The miscalculation that started it all: killing Iran’s Supreme Leader, Ayatollah Ali Khamenei, and much of Iran’s senior leadership, on the first day of the war. To “the great proud people of Iran, I say tonight that the hour of your freedom is at hand,” Trump announced on Feb. 28. “When we are finished, take over your government. It will be yours to take. This will be probably your only chance for generations.”
I support regime change in Iran and shed no tears for Khamenei or his goons. But when you start a war by killing the regime’s top leaders, it’s not unreasonable for the remaining ones to conclude that you really intend regime change.
Khamenei was a murderous fanatic, but he was a fairly cautious one. He liked to threaten closing the Strait of Hormuz or attacking our regional allies, but he was reluctant to actually do it, fearing it would invite a regime change war. The mullahs and IRGC goons believed, not unreasonably, that if they lost their grip on power, they’d be lynched by the Iranian people they’ve brutalized for decades.

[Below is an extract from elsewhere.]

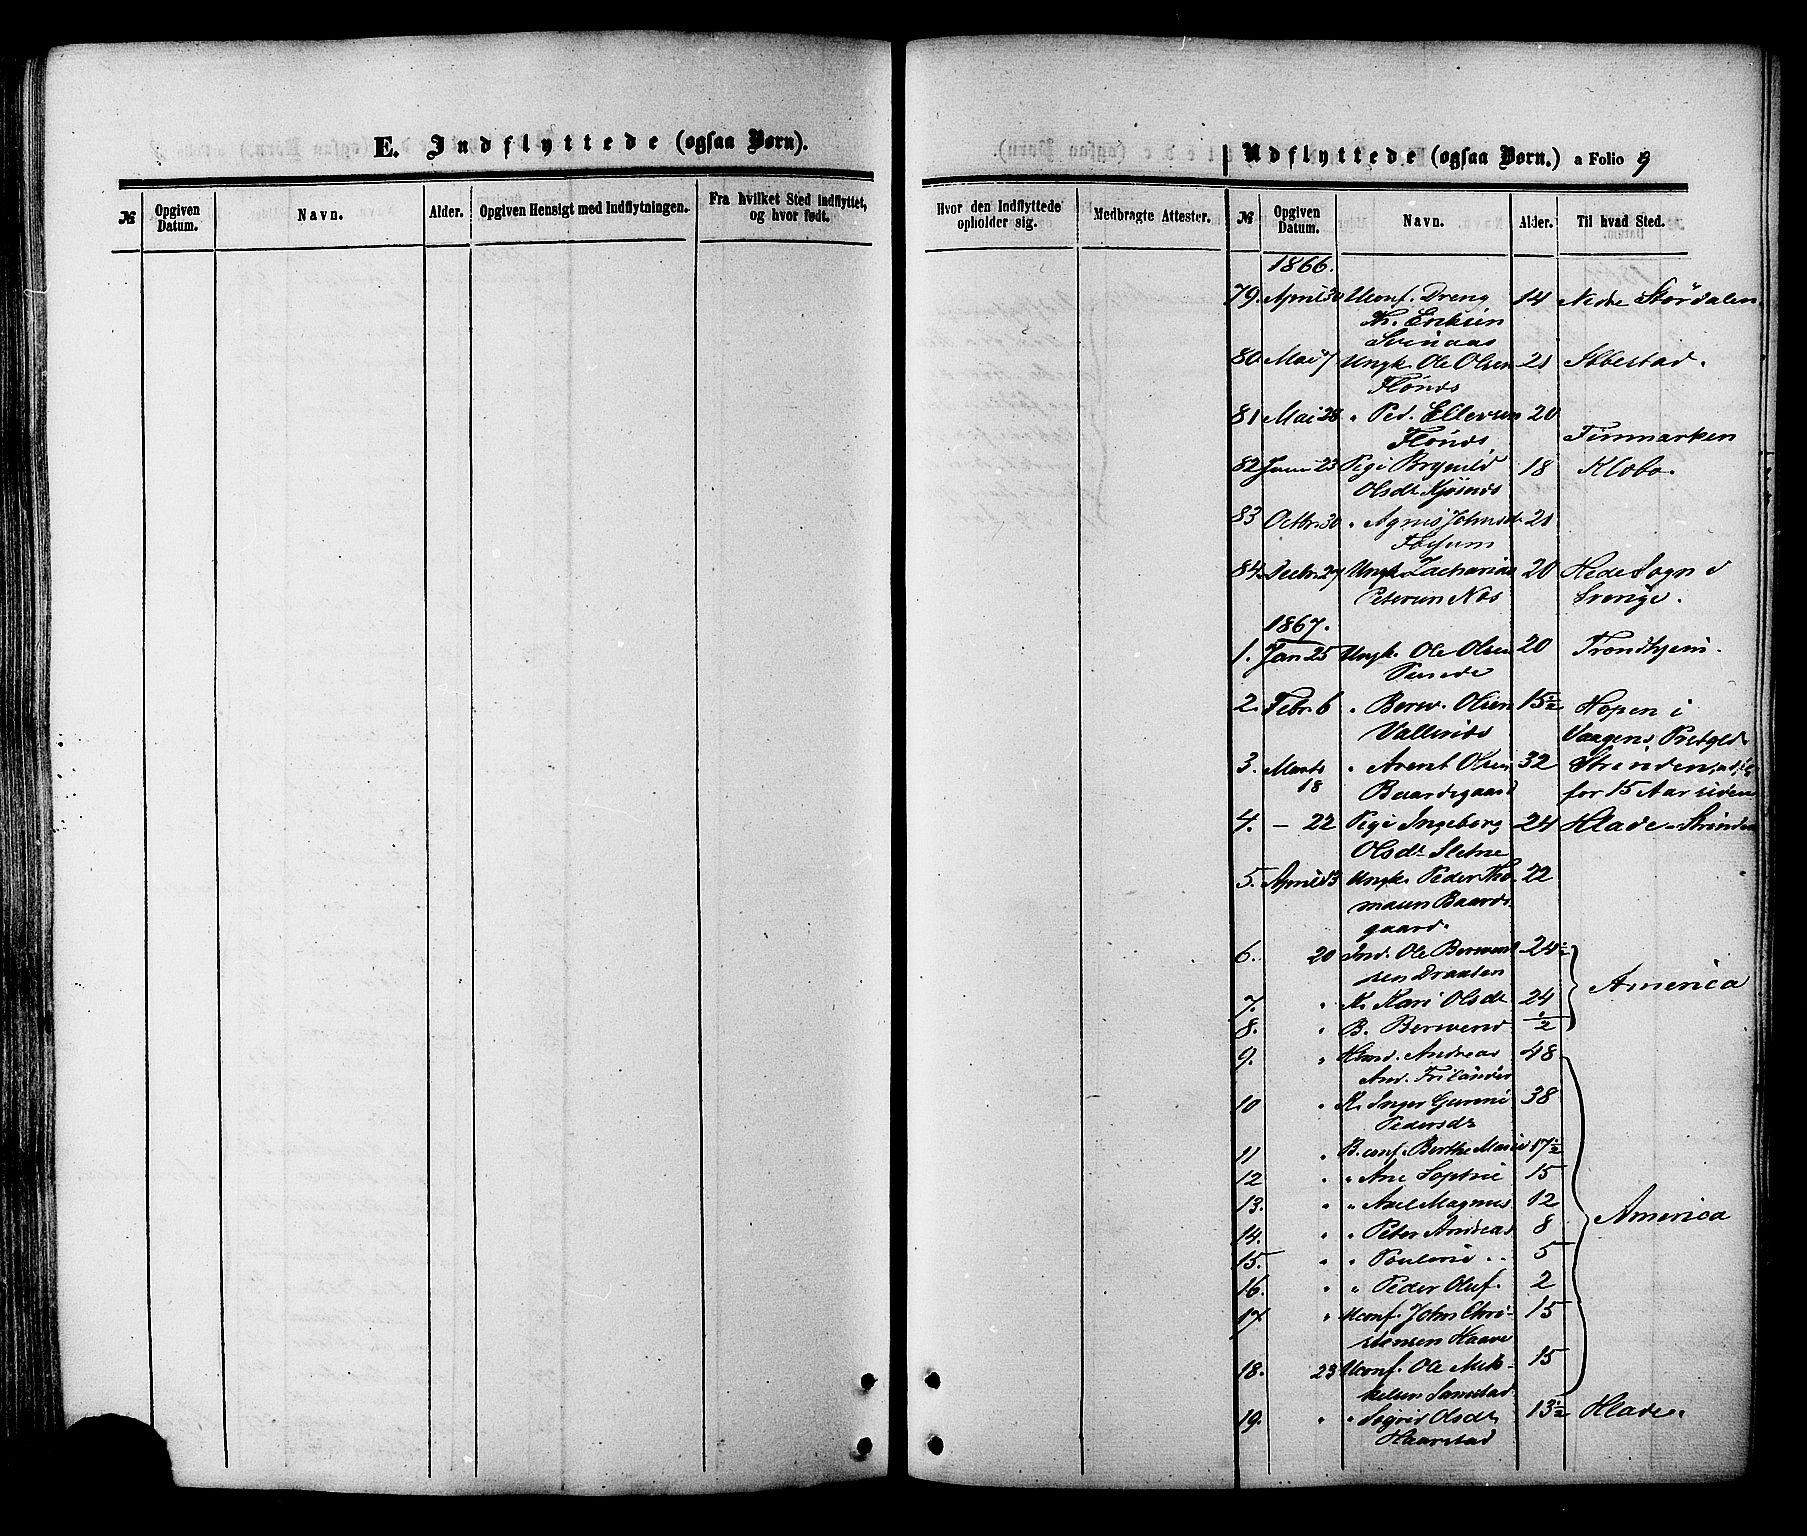 SAT, Ministerialprotokoller, klokkerbøker og fødselsregistre - Sør-Trøndelag, 695/L1147: Parish register (official) no. 695A07, 1860-1877, p. 9

By starting with a regime change war, Trump removed any reason for the regime not to go for broke. When you have nothing to lose — particularly when you are a millenarian religious fanatic — a Persian Alamo strategy makes a lot of sense.
So Iran closed the Strait of Hormuz and attacked its neighbors.
But it turns out this wasn’t the Alamo. In the contest of wills, Trump blinked. The Iranian regime’s tolerance for punishment proved — so far — to be greater than Trump’s and that of our gulf allies. Militarily we could finish the job, but that would require ground troops and much greater economic turmoil. In a conflict Trump launched unilaterally without the prior support of Congress, NATO or the American people, Trump doesn’t have the political capital for that.
But that’s only half the problem. Trump wants the war over, but he doesn’t want to pay — militarily, economically, politically — what that would cost. So he wants to make a deal that ends it. But there is no deal available that wouldn’t come at an equally undesirable cost. Any deal that looks like what President Obama struck with the Iranians would be too embarrassing to bear. But the Iranians are convinced that they can get just such a deal, and they’re willing to drag things out as long as it takes.
The result: Trump’s in a box of his own making. He thinks he can talk his way out by simply asserting a reality that doesn’t exist. When the financial markets get nervous, he announces a breakthrough that is, at best, a possibility. When the Iranians agree to a deal that looks similar to one Obama might negotiate, Trump goes back to his threats.
It can’t go on forever. But I’m sure it’ll last until long after this column is forgotten.